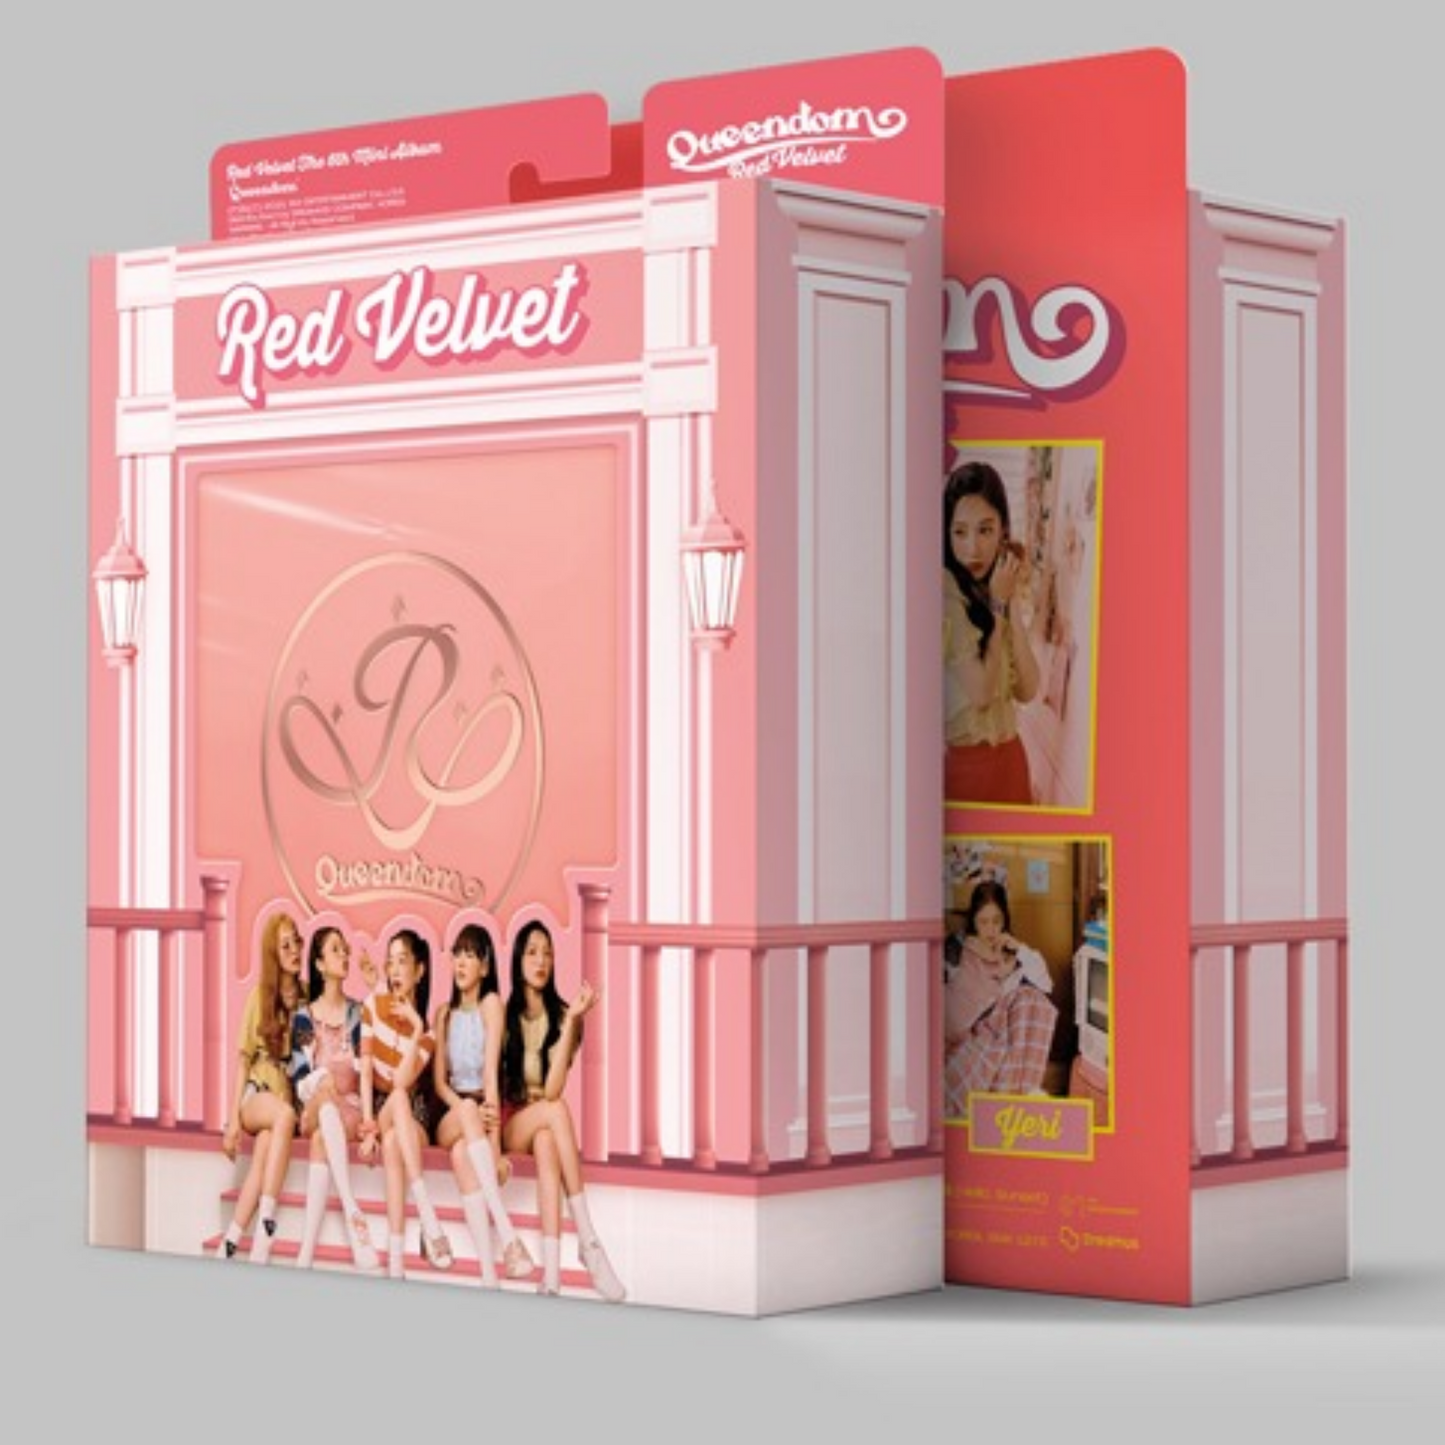 فيليت الاحمر _ الالبوم السادس : كويندم  | (ONE)  Red Velvet  - The 6th Mini Album : Queendom(Girls Ver.)
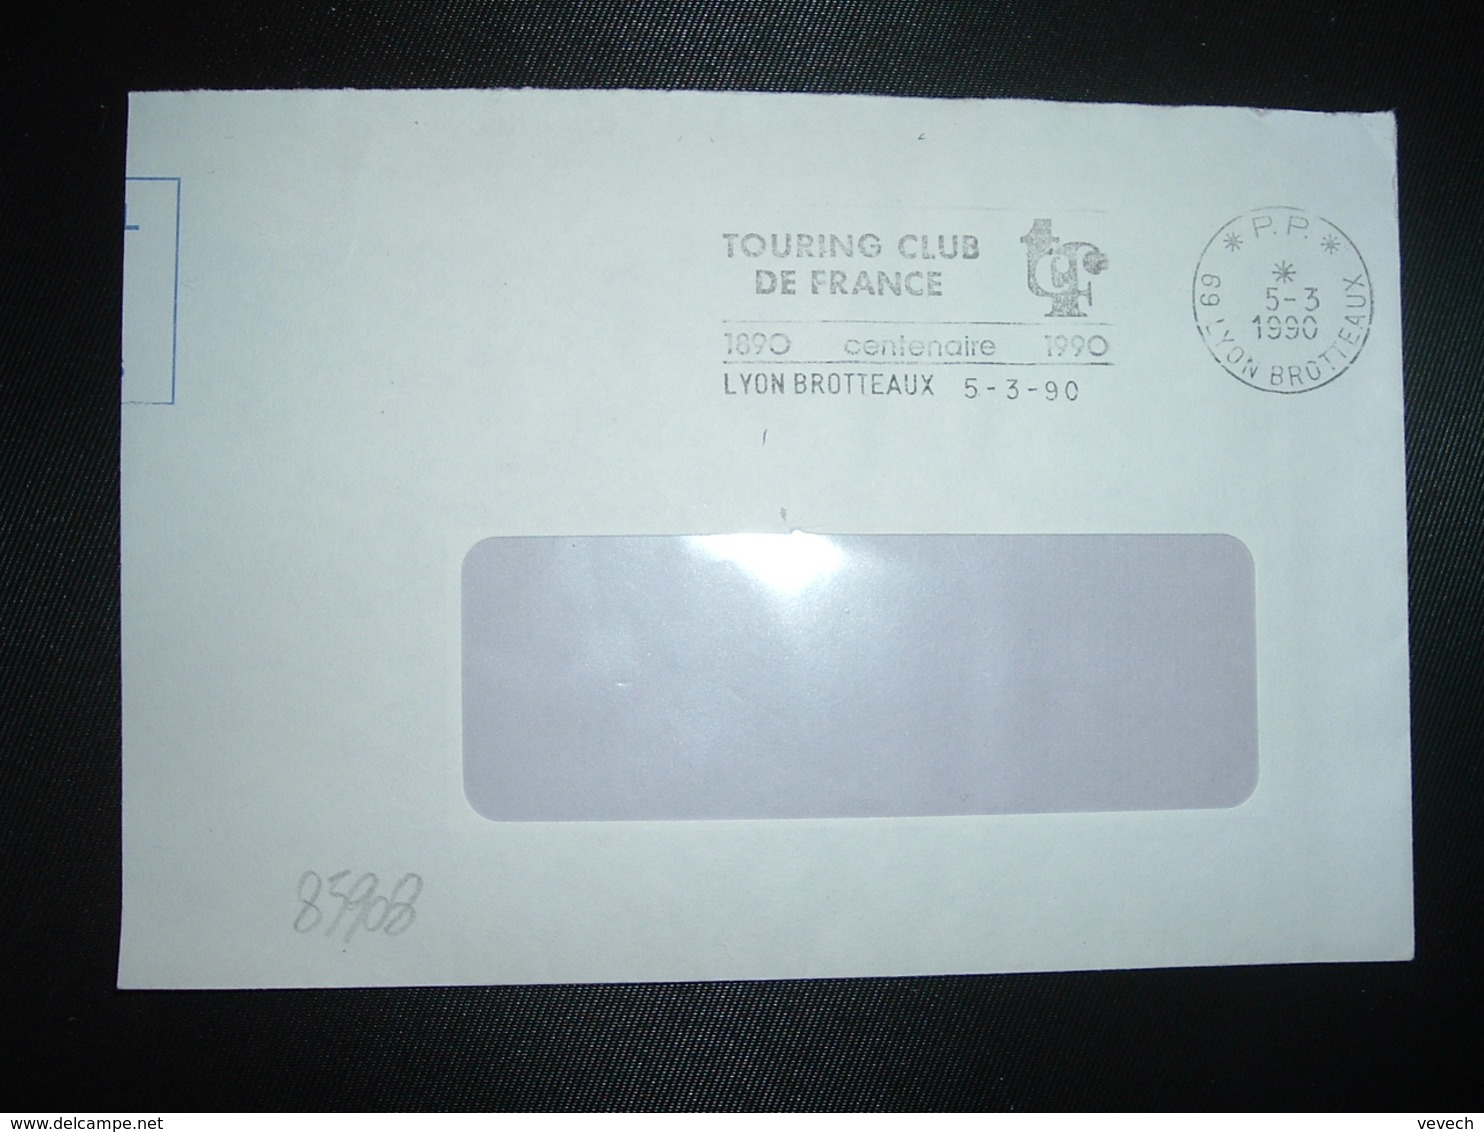 LETTRE PORT PAYE OBL.MEC.5-3 1990 PP 69 LYON BROTTEAUX + TOURING CLUB DE FRANCE - Oblitérations Mécaniques (Autres)
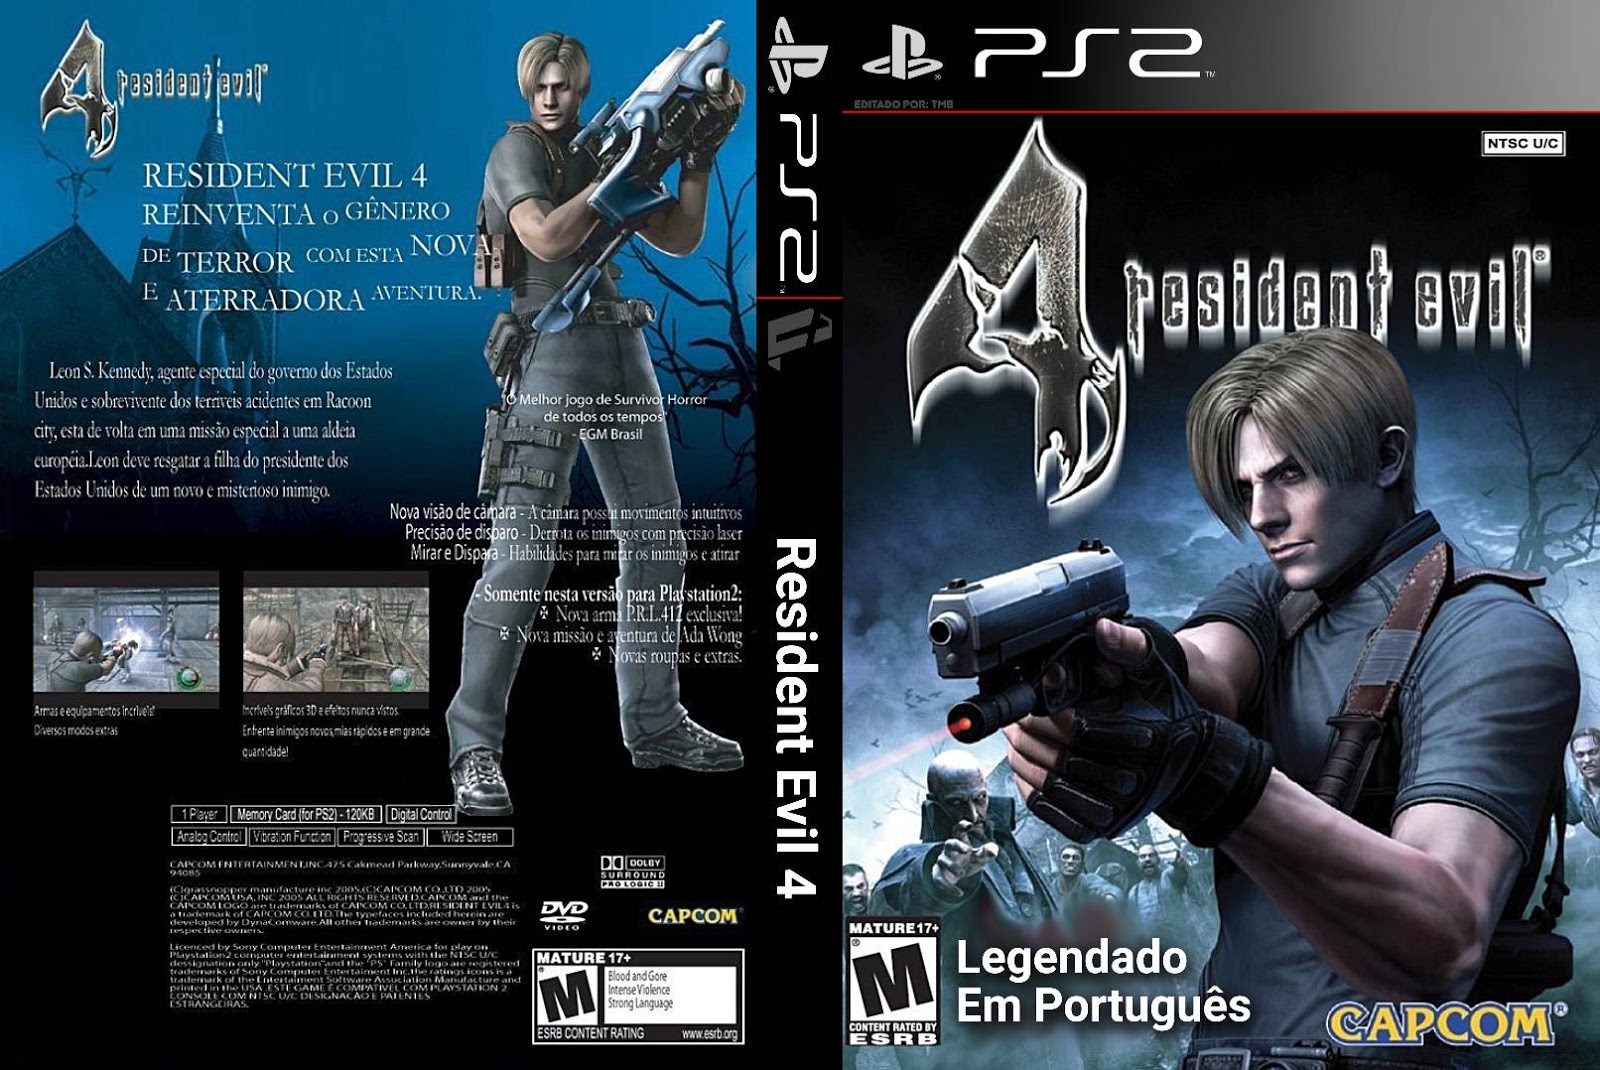 Резидент на пс 2. Диск PLAYSTATION 2 Resident Evil 4. Диски Resident Evil для PLAYSTATION 2. Resident Evil 4 ps4 диск. Resident Evil 2 пс4 диск.

ABOUT THIS TASK:
Output exactly the lines from the one that has "LETTRE PORT PAYE" through the end of the data. Do not include pictures.

TASK OUTPUT:
 LETTRE PORT PAYE OBL.MEC.5-3 1990 PP 69 LYON BROTTEAUX + TOURING CLUB DE FRANCE - Oblitérations Mécaniques (Autres)
 Резидент на пс 2. Диск PLAYSTATION 2 Resident Evil 4. Диски Resident Evil для PLAYSTATION 2. Resident Evil 4 ps4 диск. Resident Evil 2 пс4 диск.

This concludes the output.